Revision as of 02:34, 22 June 2007

IAG 1H POW # 6: Linear Nim

Word.PNGA Microsoft Word version of this work is available here: Image:Linear_Nim.doc

Pdf.jpgA PDF version of this work is available here: Image:Linear Nim.pdf


Contents

Instructions

Problem Statement

Not necessary to do.

Process (Playing)

I started playing Linear Nim with Michael Lewis. We started out just playing to try and find strategies. Our tallies are recorded below:

On my first try, I played going first and picking 3. Bad idea, I thought at first, I would always loose, but now I am thinking differently. Of course if the other person picks 3, I am left with 4. I later found out that was a bad idea. Picking 3 first is a bad idea because if the other player picks 3, your stuck with 4.

On my 2nd try, I started first at 2 and won. Later on, I found out that I should start with 2 going first. I figured out that I should stick my opponent with 4, and later I found out that it is equal to (maximum per turn)+1. This is sort of a interim goal where if you meet this goal you will win. I think you are able to think easier when you are dealing with less numbers. I won this game by playing the strategy mentioned in the solution.

On the 3rd try, I let my opponent go first. He picked 3 which was the mistake I made on my 1st turn. I ended up winning.

On the fourth try, I tried to pick 1 first. I lost by being stuck with 4. I could have won by watching more closely. If my opponent picks 1 on his first turn there are 8 lines left. If I pick 1, my opponent picks 1, I can pick 1, 2, or 3. Either way my opponent picks the opposite (you 1-he 3) or [(maximum per turn)-(his pick)+1] and it’s my choice with 4 left. He wins. If he picks 2, I can pick 3, and he picks with 4 and looses. If he picks 3, then I can pick 2, and leave him with 4. Therefore, picking 1 first lets your opponent control your fate.

The fifth time around I developed the winning strategy. See below.

I did not do anymore playing where I don’t go first, because I found my answer.

Work

Linear Nim - Work.jpg

Solution (of original)

I found out in my 5th term the winning strategy for the original game. If I went first, and picked 2, I could win. If my opponent picked 3, thin I would pick 1 on my next term. There would be 4 left and it would be his turn. If it’s your turn and you have 4 (maximum per turn)+1) left, you lose. Now when I picked 2 first, and my opponent picks 2, I would take 2 also to leave him with 4. If he takes 1, I take 3 and He is again left with 4. This is my strategy.

If the other person goes first, hope they won’t pick 2, if so, your done. If he picks 1 first, pick 2, or 3 and you might lose. If he picks 3, pick 3 and force him with 4.


Extension (Generalizations)

I am also seeing a pattern that leaving him with 4 [(maximum per turn)+1] requires I can also leave him with 8, which happens to be [2x(maximum per turn+1)] When I start at 10, I need to take 2 to get him to [2x(maximum per turn+1)]. I did not know that at the time, so we tried playing with 15 marks and keeping 3 at a time.
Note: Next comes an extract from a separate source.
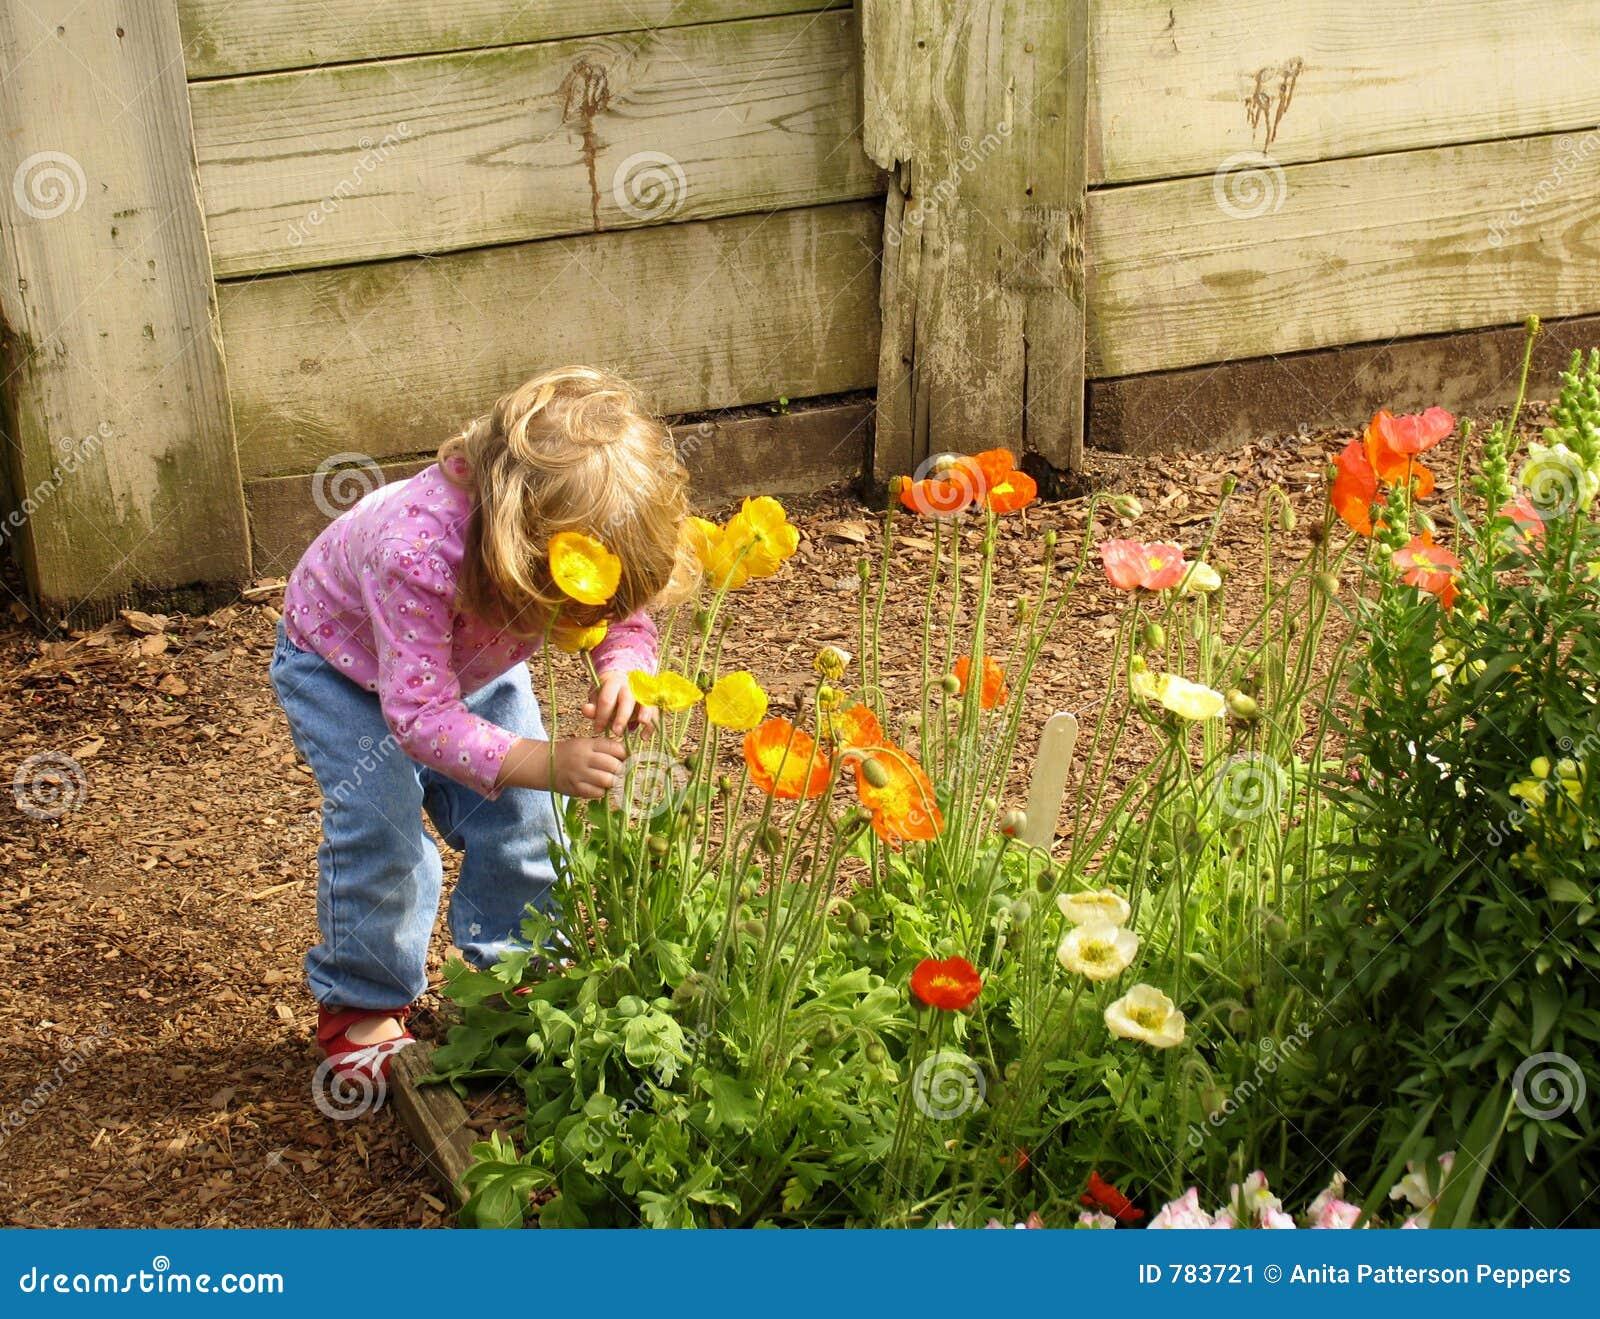 De ruikende bloemen van het meisje

I found that if you got the game down to 10 and your turn, it is just like playing the original game. I now also know that if I got him down to picking from 8 [2x(maximum per turn+1)] and my turn, I could also win. I suppose this will also work with all variations of X: [X*(maximum per turn+1)] in all variations of liner nim. I can also try and get him to 12 [3x(maximum per turn+1)], by going first and taking 3. I can now know that if I can go first, I will always win, unless [X*(maximum per turn+1)] is the starting number, where I would want him to go first.. This is because I can always take (initial number)-[X*(maximum per turn+1)], and catch him in a loop picking the opposite of what he picks, which equals, [(maximum per turn)-(his pick)+1].

I found out that trapping people at 4 was the same as (maximum per turn)+1 when I to increased the maximum per turn to 4 and played with the initial number of 10. I ended up winning, however it would have been better to have known the strategy above.

Faux Program

If initial number equals [X*(maximum per turn+1)];

Then

Label A

Have Partner Go

Take (maximum per turn)-(his pick)+1

Goto A

Else

Go First

Take (initial number)-[X*(maximum per turn+1)

Have Partner Go

Take (maximum per turn)-(his pick)+1

Goto A

During Problem: X is equal to the number closest to < (initial number)

Evaluation

Not necessary to do.